At the heart of the lawsuit is a declaration from Daniel Chapsky, a former head of data science at FTX. He outlines his reasons for not appearing in court and the details of his intended testimony in a new document. In his declaration, dated July 13, 2023, Chapsky claims his attorneys strongly warned him that if he testified, he would be subject to media scrutiny and retaliation from the prosecution. He added that other former FTX employees had also heard similar warnings. Ultimately, he explained, "Out of concern for my safety and that of those around me, I asked my attorney to inform Bankman-Fried that I would not testify." Chapsky further argued that had he testified, he "could have refuted the prosecution's inaccurate account of FTX's financial condition and provided the jury with more accurate information." In this filing, Bankman-Fried's team argues that these statements constitute "intentionally excluded testimony" and that the trial was unfair as a result.FTX and Alameda weren't insolvent until bankruptcy.
Bankman-Fried's defense emphasizes in its new motion that Chapsky's testimony directly contradicts the prosecution's core framework surrounding the financial health of FTX and Alameda Research. Prosecutors have argued that both companies were effectively insolvent even before their bankruptcy filings in November 2022. In contrast, Chapsky allegedly "asserts" in his deposition that FTX and Alameda Research's "net asset value" consistently exceeded their liabilities and were not insolvent in November 2022. The motion states that this "directly contradicts the prosecution's account presented to the jury." Bankman-Fried has repeatedly argued in interviews that "FTX remained structurally solvent and could have been saved if certain investment proposals had been successful." Notably, in an October 2025 interview, he described the decision to hand over FTX to bankruptcy attorney John J. Ray III on November 11, 2022, as his "biggest mistake," stating, "I received an offer to save the company with outside investment." However, the market is divided on how much of this claim is true and how much is an after-the-fact "avoidance of responsibility." The legal battle surrounding how customer deposits and company assets were actually separated and managed, and how much liquidity was actually secured just before bankruptcy, is likely to continue for the time being.Will the controversy over the fairness of the FTX trial be reignited?

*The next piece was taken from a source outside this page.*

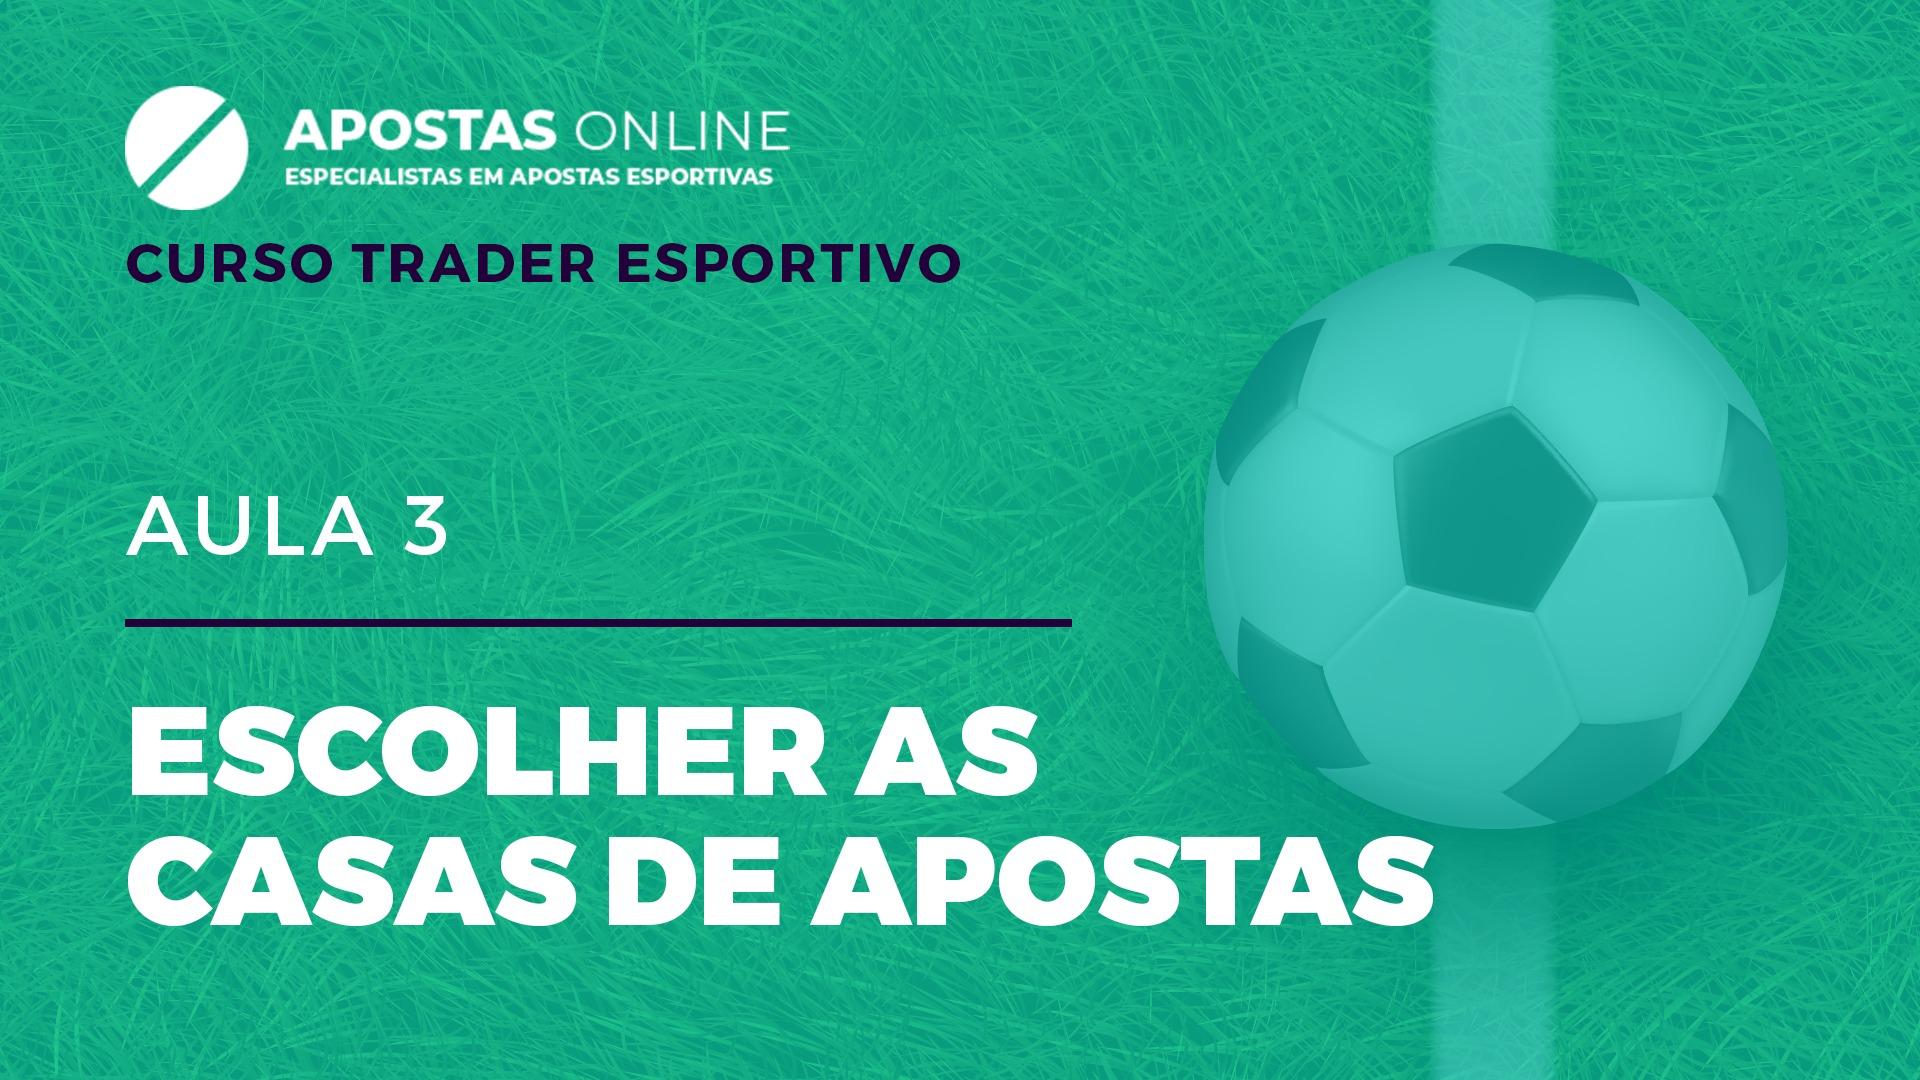 Curso Trader Esportivo: Escolher as casas de apostas | Aula 3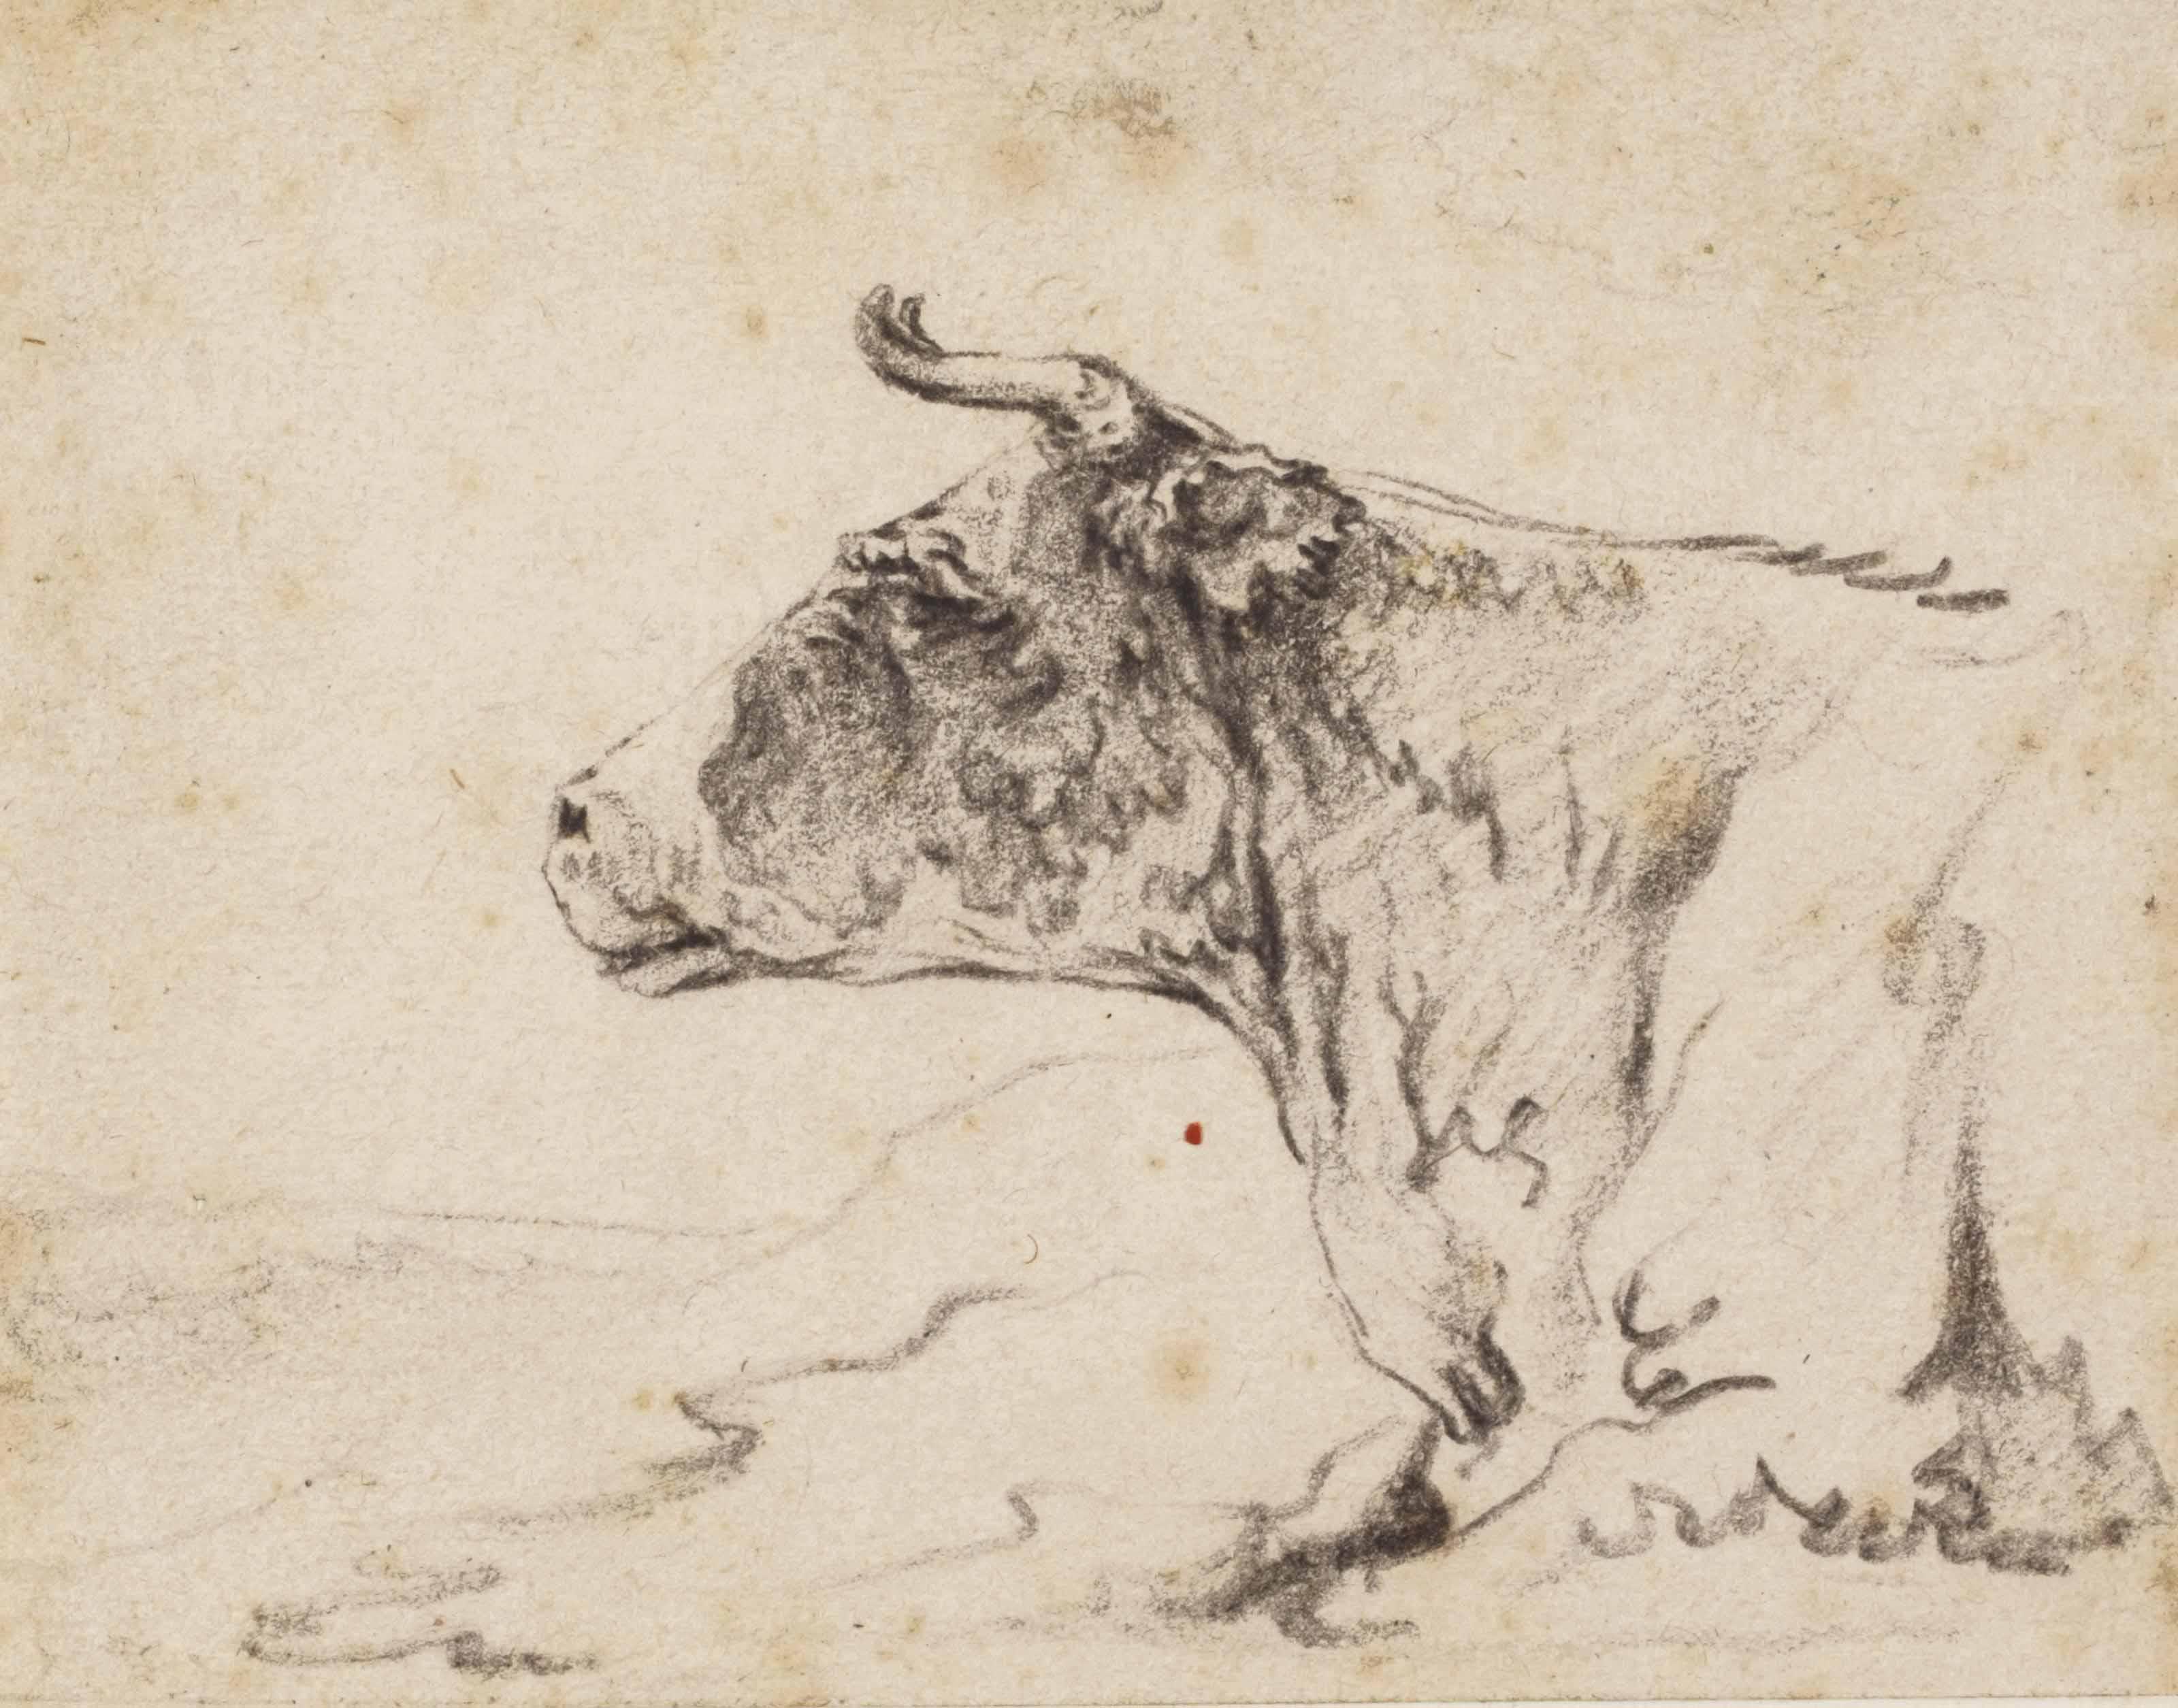 A recumbent cow

Bankman-Fried's request for a new trial will not be granted immediately. Instead, the court will first review the credibility of the "new evidence" and its potential impact on the trial outcome. Rule 33 of the Federal Rules of Criminal Procedure allows the court to order a new trial even after a guilty verdict if there is sufficient reason to believe that new, material evidence has come to light. This case could reignite the FTX scandal, which appeared to have been resolved with a guilty verdict and a heavy sentence. If the interpretations surrounding the financial status of FTX and Alameda, the extent of the misappropriation of customer funds, and the level of management's intention and responsibility are shaken, it could significantly impact future civil and criminal litigation, as well as bankruptcy proceedings and the prospects for debt collection. However, given the nature of the American judicial system, cases where guilty verdicts are overturned or a full trial is initiated are rare. How persuasive Chapsky's testimony will be in court as "critical evidence" and what counterarguments the Justice Department will offer to the allegations of "witness intimidation and hush-hush" will be key points of interest going forward. For now, Bankman-Fried's assertion of FTX's ability to pay seems more likely to reignite debate over the fairness of the trial process and the prosecutorial investigation than to fundamentally change the market's perception of FTX or creditor expectations.---
Lombard is moving to use custodial BTC as collateral for DeFi with its "Bitcoin Smart Accounts." Lombard, an institutional infrastructure provider, is moving into full swing with its experiment to enable on-chain collateralization of Bitcoin without having to physically move it or relinquish custody. Amid the rapidly expanding DeFi lending market, the company aims to bring idle Bitcoin (BTC) held by large institutions onto the blockchain. Lombard announced plans to launch "Bitcoin Smart Accounts" this quarter. This account structure will allow institutionally custodial Bitcoin to be designated as on-chain collateral without having to hand it over to a third party. According to the company, custodial Bitcoin will be recognized on-chain as a receipt token called "BTC.b." Institutional investors can use this token to access lending and liquidity provision protocols while maintaining legal ownership and the underlying custodial agreement. The company stated that this framework is primarily targeted at asset managers, corporate treasuries, and other institutional Bitcoin holders. While pilot programs are currently underway with a select number of institutions, the specific client names and transaction sizes have not been disclosed.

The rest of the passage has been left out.